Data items
========================================

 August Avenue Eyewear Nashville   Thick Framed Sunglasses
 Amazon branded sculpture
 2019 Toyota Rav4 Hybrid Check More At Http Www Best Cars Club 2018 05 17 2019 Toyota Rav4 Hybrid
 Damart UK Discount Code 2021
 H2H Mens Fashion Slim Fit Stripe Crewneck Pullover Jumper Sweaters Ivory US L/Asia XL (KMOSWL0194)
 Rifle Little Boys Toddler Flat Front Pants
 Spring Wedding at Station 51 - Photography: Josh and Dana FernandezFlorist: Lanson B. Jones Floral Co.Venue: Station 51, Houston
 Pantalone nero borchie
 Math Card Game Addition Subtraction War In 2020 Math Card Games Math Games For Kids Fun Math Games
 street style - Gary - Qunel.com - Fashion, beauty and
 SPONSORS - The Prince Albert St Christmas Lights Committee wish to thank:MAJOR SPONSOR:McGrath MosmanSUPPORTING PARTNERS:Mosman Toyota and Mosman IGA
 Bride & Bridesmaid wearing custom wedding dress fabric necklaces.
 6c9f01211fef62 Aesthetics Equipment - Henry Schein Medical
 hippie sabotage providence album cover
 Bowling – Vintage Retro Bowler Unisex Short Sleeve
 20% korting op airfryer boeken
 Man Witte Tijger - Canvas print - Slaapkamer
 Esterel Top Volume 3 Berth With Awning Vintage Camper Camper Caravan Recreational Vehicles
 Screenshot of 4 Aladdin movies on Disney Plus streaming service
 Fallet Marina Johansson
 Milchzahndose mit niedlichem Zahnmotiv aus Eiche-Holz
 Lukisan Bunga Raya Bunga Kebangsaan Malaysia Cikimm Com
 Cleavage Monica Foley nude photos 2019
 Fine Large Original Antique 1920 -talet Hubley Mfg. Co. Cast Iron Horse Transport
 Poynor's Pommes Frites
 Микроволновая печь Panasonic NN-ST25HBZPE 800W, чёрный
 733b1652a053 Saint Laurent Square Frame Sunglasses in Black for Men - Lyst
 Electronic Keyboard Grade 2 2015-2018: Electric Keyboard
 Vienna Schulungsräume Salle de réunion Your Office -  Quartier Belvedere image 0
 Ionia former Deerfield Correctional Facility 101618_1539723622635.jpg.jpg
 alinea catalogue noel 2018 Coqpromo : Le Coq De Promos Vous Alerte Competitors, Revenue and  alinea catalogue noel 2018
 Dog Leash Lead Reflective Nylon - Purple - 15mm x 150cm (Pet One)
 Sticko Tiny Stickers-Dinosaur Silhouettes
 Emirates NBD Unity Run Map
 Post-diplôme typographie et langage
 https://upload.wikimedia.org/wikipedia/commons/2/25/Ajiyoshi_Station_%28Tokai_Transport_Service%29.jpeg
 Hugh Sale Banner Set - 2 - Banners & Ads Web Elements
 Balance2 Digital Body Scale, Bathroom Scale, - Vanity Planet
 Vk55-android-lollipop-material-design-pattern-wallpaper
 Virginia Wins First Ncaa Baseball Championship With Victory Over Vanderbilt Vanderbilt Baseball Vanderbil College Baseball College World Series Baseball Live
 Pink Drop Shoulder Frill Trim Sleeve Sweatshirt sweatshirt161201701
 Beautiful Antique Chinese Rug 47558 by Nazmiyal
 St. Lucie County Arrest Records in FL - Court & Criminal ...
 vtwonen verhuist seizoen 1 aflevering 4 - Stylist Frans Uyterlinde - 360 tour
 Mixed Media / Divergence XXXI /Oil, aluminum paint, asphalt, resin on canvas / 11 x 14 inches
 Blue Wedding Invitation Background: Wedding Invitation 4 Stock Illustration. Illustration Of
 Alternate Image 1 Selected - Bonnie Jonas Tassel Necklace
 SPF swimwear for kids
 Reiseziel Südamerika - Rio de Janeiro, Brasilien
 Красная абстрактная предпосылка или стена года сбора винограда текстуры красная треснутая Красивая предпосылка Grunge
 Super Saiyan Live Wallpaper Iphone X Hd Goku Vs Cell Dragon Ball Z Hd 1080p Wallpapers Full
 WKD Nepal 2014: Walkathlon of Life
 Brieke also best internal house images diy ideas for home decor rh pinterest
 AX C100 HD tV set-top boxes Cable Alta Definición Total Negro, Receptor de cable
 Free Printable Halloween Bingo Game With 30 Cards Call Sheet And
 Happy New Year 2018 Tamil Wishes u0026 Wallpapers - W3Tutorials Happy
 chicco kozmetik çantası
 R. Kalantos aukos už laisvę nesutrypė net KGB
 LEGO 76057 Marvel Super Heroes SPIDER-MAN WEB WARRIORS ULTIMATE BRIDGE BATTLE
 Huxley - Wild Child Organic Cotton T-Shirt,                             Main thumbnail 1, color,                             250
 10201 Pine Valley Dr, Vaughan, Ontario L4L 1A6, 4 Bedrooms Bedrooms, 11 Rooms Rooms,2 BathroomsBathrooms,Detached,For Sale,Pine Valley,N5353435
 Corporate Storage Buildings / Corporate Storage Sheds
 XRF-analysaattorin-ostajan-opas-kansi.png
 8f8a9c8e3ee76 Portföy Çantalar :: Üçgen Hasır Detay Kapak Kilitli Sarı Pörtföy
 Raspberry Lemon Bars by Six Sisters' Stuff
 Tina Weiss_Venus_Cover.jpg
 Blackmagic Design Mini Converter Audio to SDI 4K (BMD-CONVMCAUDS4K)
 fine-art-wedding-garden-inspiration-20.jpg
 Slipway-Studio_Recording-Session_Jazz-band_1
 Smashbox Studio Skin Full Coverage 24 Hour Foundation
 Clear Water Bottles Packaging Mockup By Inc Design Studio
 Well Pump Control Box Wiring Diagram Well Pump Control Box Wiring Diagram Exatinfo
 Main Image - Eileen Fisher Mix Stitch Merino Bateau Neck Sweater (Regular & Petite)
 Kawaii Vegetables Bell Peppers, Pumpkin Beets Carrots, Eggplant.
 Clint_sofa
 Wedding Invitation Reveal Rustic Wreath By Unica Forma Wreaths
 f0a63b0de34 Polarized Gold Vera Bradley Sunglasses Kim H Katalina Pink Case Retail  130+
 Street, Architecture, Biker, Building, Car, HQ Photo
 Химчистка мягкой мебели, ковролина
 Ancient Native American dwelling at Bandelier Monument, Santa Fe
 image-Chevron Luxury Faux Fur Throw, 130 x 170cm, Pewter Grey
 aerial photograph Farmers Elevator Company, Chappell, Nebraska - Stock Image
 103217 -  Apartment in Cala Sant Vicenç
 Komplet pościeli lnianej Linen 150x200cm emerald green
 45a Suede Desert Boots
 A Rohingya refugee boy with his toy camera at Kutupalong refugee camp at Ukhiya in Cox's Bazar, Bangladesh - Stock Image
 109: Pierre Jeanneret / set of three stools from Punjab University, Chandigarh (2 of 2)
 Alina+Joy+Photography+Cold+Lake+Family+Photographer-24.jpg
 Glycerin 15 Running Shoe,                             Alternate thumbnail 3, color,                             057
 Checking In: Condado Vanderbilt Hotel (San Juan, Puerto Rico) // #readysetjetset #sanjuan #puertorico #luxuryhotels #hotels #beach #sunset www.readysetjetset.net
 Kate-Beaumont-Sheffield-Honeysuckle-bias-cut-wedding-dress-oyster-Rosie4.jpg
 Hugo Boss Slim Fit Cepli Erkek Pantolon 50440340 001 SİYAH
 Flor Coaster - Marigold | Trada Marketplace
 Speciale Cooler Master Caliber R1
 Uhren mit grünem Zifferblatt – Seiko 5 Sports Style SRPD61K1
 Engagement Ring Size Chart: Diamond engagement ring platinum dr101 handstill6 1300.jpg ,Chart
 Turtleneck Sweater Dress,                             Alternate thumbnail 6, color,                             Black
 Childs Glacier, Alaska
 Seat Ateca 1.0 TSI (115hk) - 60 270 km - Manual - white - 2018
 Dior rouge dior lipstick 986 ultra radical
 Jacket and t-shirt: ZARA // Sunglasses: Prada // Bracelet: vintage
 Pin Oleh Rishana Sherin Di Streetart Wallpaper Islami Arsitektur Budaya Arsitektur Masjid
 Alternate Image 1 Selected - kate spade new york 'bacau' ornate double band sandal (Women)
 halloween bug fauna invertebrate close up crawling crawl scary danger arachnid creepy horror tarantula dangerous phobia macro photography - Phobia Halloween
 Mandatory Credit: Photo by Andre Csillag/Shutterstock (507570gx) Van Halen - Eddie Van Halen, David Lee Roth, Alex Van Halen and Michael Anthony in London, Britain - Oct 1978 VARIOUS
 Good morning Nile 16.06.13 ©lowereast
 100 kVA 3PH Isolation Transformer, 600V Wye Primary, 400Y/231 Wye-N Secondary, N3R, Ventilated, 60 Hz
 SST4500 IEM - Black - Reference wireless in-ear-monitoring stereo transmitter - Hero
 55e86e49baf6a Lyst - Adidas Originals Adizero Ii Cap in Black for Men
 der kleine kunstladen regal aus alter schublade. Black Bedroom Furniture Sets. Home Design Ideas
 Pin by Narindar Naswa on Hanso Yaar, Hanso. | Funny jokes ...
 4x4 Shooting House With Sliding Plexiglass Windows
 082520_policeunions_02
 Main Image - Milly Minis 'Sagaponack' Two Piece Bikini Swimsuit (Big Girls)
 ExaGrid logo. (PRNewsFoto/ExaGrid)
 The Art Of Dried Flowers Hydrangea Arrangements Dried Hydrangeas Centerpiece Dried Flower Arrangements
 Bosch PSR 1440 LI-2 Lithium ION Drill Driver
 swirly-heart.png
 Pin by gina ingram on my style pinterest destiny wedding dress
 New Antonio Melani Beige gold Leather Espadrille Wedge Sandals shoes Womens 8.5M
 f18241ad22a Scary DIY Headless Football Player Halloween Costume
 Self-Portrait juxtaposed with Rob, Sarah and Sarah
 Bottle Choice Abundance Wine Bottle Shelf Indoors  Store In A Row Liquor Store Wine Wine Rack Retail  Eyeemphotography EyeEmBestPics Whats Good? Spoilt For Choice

========================================

The task -
Take the stretch of lines above from the one containing "8f8a9c8e3ee76 Portföy Çantalar" through the one containing "Uhren mit grünem" and repeat it exactly, adding no other line.

Task output -
 8f8a9c8e3ee76 Portföy Çantalar :: Üçgen Hasır Detay Kapak Kilitli Sarı Pörtföy
 Raspberry Lemon Bars by Six Sisters' Stuff
 Tina Weiss_Venus_Cover.jpg
 Blackmagic Design Mini Converter Audio to SDI 4K (BMD-CONVMCAUDS4K)
 fine-art-wedding-garden-inspiration-20.jpg
 Slipway-Studio_Recording-Session_Jazz-band_1
 Smashbox Studio Skin Full Coverage 24 Hour Foundation
 Clear Water Bottles Packaging Mockup By Inc Design Studio
 Well Pump Control Box Wiring Diagram Well Pump Control Box Wiring Diagram Exatinfo
 Main Image - Eileen Fisher Mix Stitch Merino Bateau Neck Sweater (Regular & Petite)
 Kawaii Vegetables Bell Peppers, Pumpkin Beets Carrots, Eggplant.
 Clint_sofa
 Wedding Invitation Reveal Rustic Wreath By Unica Forma Wreaths
 f0a63b0de34 Polarized Gold Vera Bradley Sunglasses Kim H Katalina Pink Case Retail  130+
 Street, Architecture, Biker, Building, Car, HQ Photo
 Химчистка мягкой мебели, ковролина
 Ancient Native American dwelling at Bandelier Monument, Santa Fe
 image-Chevron Luxury Faux Fur Throw, 130 x 170cm, Pewter Grey
 aerial photograph Farmers Elevator Company, Chappell, Nebraska - Stock Image
 103217 -  Apartment in Cala Sant Vicenç
 Komplet pościeli lnianej Linen 150x200cm emerald green
 45a Suede Desert Boots
 A Rohingya refugee boy with his toy camera at Kutupalong refugee camp at Ukhiya in Cox's Bazar, Bangladesh - Stock Image
 109: Pierre Jeanneret / set of three stools from Punjab University, Chandigarh (2 of 2)
 Alina+Joy+Photography+Cold+Lake+Family+Photographer-24.jpg
 Glycerin 15 Running Shoe,                             Alternate thumbnail 3, color,                             057
 Checking In: Condado Vanderbilt Hotel (San Juan, Puerto Rico) // #readysetjetset #sanjuan #puertorico #luxuryhotels #hotels #beach #sunset www.readysetjetset.net
 Kate-Beaumont-Sheffield-Honeysuckle-bias-cut-wedding-dress-oyster-Rosie4.jpg
 Hugo Boss Slim Fit Cepli Erkek Pantolon 50440340 001 SİYAH
 Flor Coaster - Marigold | Trada Marketplace
 Speciale Cooler Master Caliber R1
 Uhren mit grünem Zifferblatt – Seiko 5 Sports Style SRPD61K1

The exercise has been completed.